Priest Was a Potential Witness
By Ralph Ranalli
February 25, 2004
When the Rev. John J. White, known to many as "Father Jack," died in Thailand last week, he probably took with him many secrets of a friend, the Rev. Paul Shanley, a lawyer for Shanley's alleged victims said yesterday.
A close associate, housemate, business partner, and confidant of Shanley's for decades, White was a potential witness in both the criminal and civil cases involving the priest, who is alleged to be one of the most egregious abusers in the scandal involving Boston clergy, said Roderick MacLeish Jr. MacLeish is a lawyer for the Boston firm Greenberg Traurig, which represented hundreds of alleged clergy sexual abuse victims in claims against the Archdiocese of Boston.
Because he was so close to Shanley, who is free on bail awaiting trial on multiple counts of child rape in Middlesex County and whose alleged abuse is the subject of several civil cases expected to go to trial this year, White may have been the most tantalizing potential witness against the priest, MacLeish said.
After White relocated to Thailand from Billerica two years ago, the chance of forcing him to testify became extremely remote, MacLeish said.

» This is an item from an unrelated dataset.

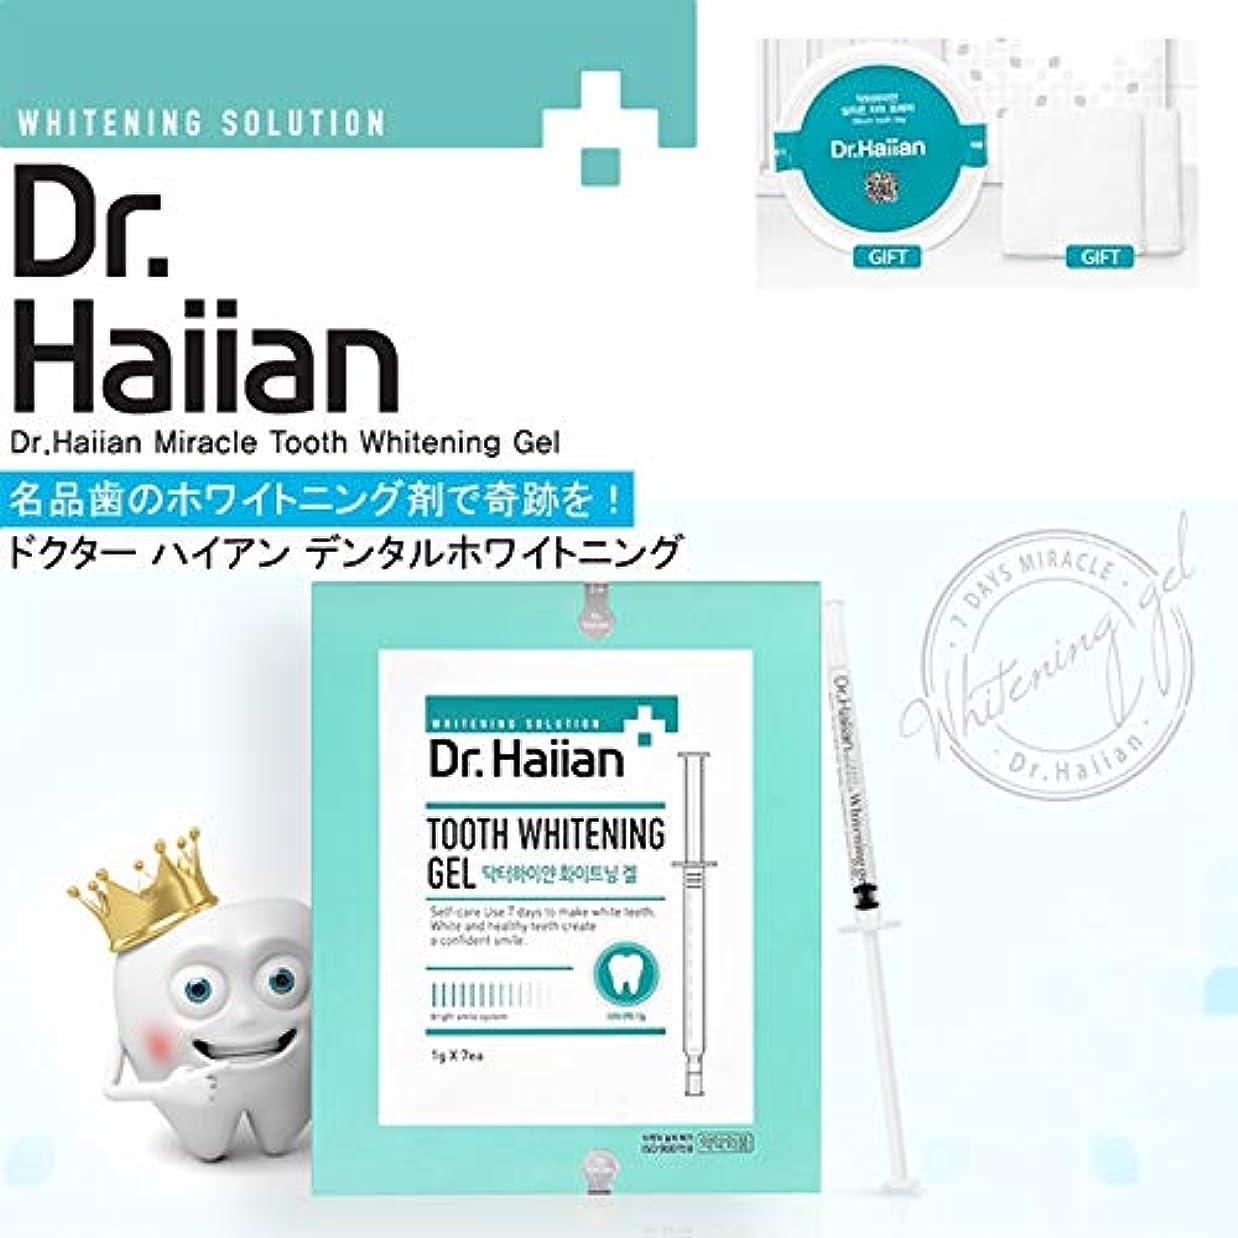 。トラップクリーム[SAMSUNG PHARM]Dr.Haiian 7Days Miracle/7日間の奇跡 [SAMSUNG PHARM]白い歯を管理するための/使ったら歯が白くなる!/Self-Teeth Whitening Agent...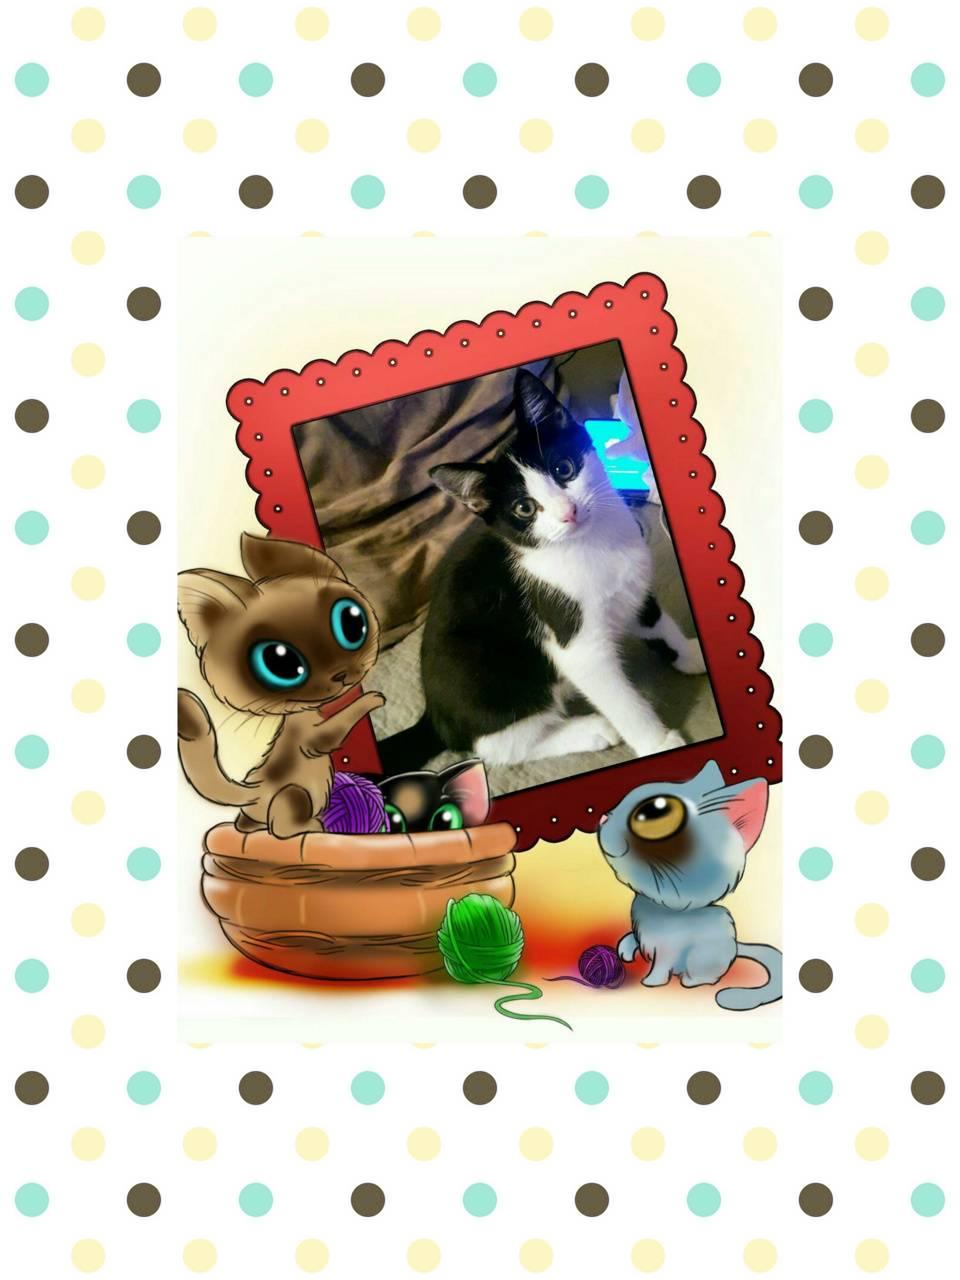 My Cat Chee Chee

Even if he could have been forced back to the United States to be a witness, MacLeish said, lawyers in the case thought it likely that White would refuse to testify and claim his right against self-incrimination.
That possibility became almost a certainty last September, when the first alleged victim to accuse White of sexual abuse stepped forward, MacLeish said.
"We always agreed that he had critical information, but the likelihood that he would testify was remote because he was going to take the Fifth Amendment," MacLeish said.
MacLeish declined to identify the client who has accused White, except to say that it is a man who alleges that both Shanley and White raped him during the 1970s when he was a boy.
The 72-year-old White, who had retired from the priesthood, died in Bangkok some time last week, said the Rev. Christopher Coyne, a spokesman for the archdiocese. Church records and published reports suggest that White and Shanley had a long association, going back to the 1960s when they served together at St. Patrick's Parish in Stoneham and then in the 1970s when both were street ministers at Warwick House in Boston's Roxbury neighborhood.